* **TASK INSTRUCTIONS**: In the entries below, find the line with "Measures: 5'0 x 5'11." and the line with "This Ottoman inspired, finely". Return those two lines and all lines between them, exactly.

* **INFORMATION SHOWN**:
-- Opening Marker --
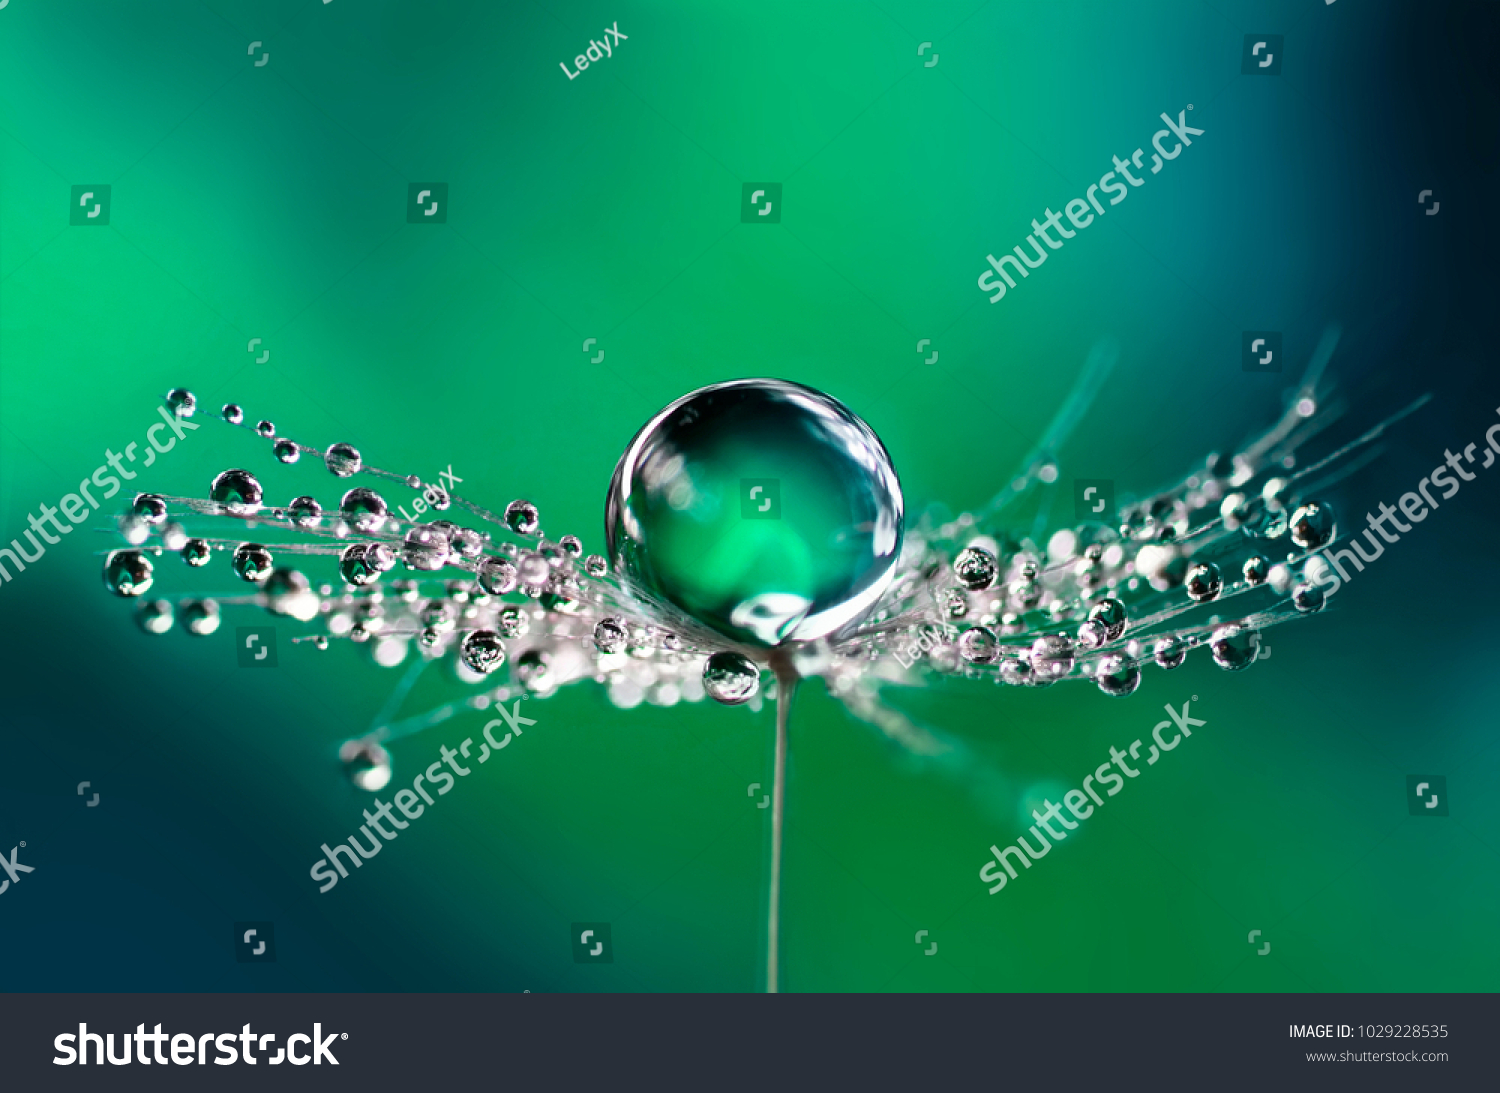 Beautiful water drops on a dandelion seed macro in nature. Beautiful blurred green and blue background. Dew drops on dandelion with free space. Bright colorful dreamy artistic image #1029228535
-- Closing Marker --
-- Opening Marker --
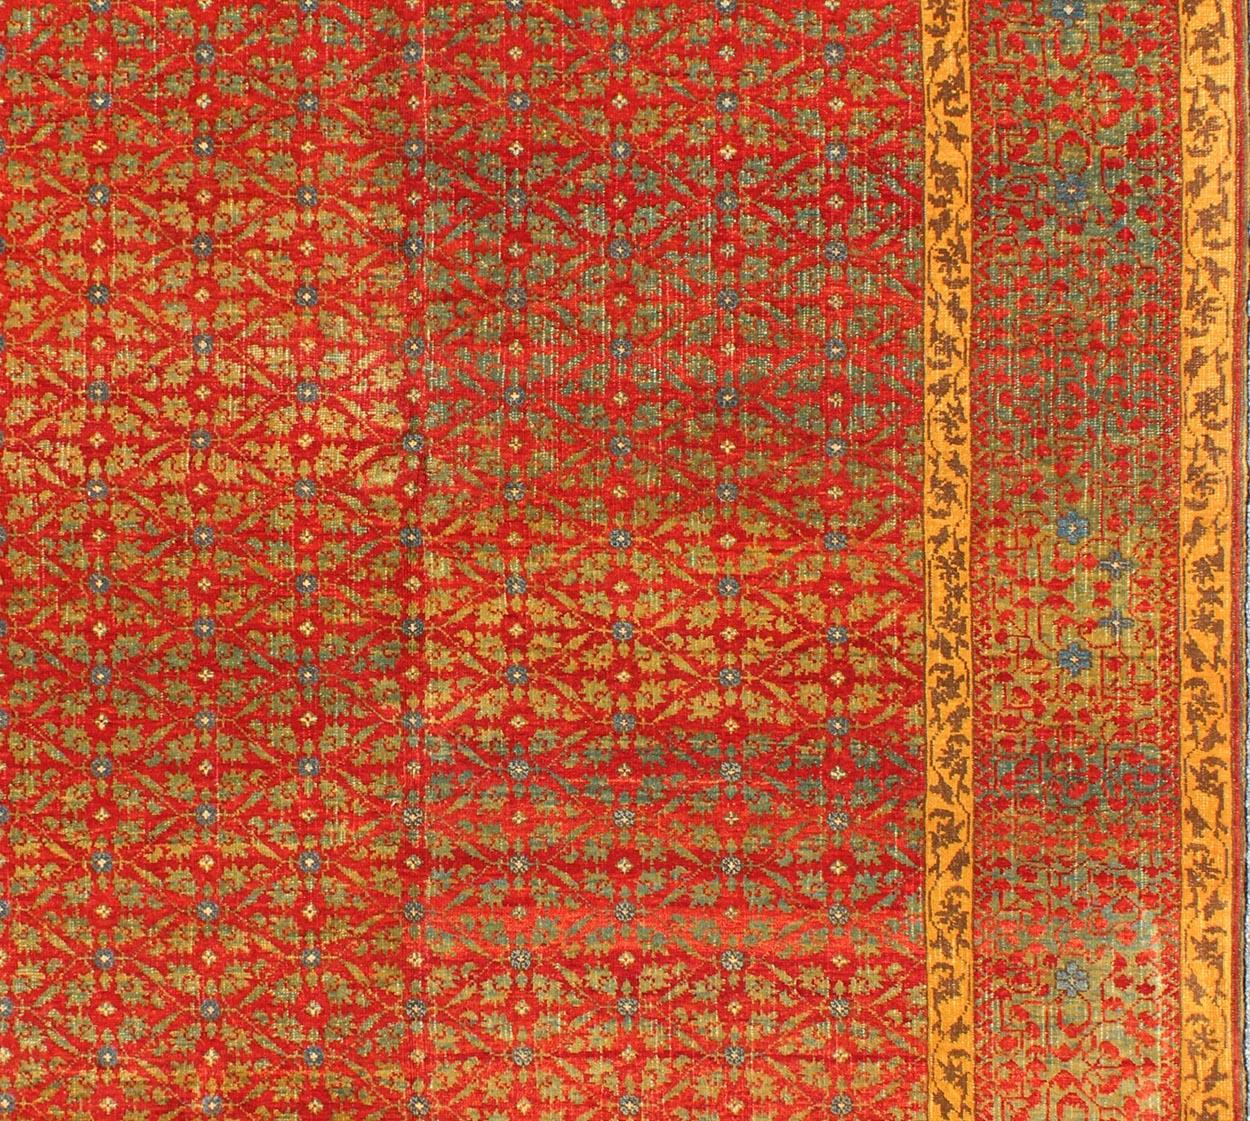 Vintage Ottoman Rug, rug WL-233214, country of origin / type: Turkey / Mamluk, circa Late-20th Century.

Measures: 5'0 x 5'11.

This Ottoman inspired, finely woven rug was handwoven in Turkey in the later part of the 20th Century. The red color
-- Closing Marker --
* **RESULT FOR THIS EXERCISE**:
Measures: 5'0 x 5'11.

This Ottoman inspired, finely woven rug was handwoven in Turkey in the later part of the 20th Century. The red color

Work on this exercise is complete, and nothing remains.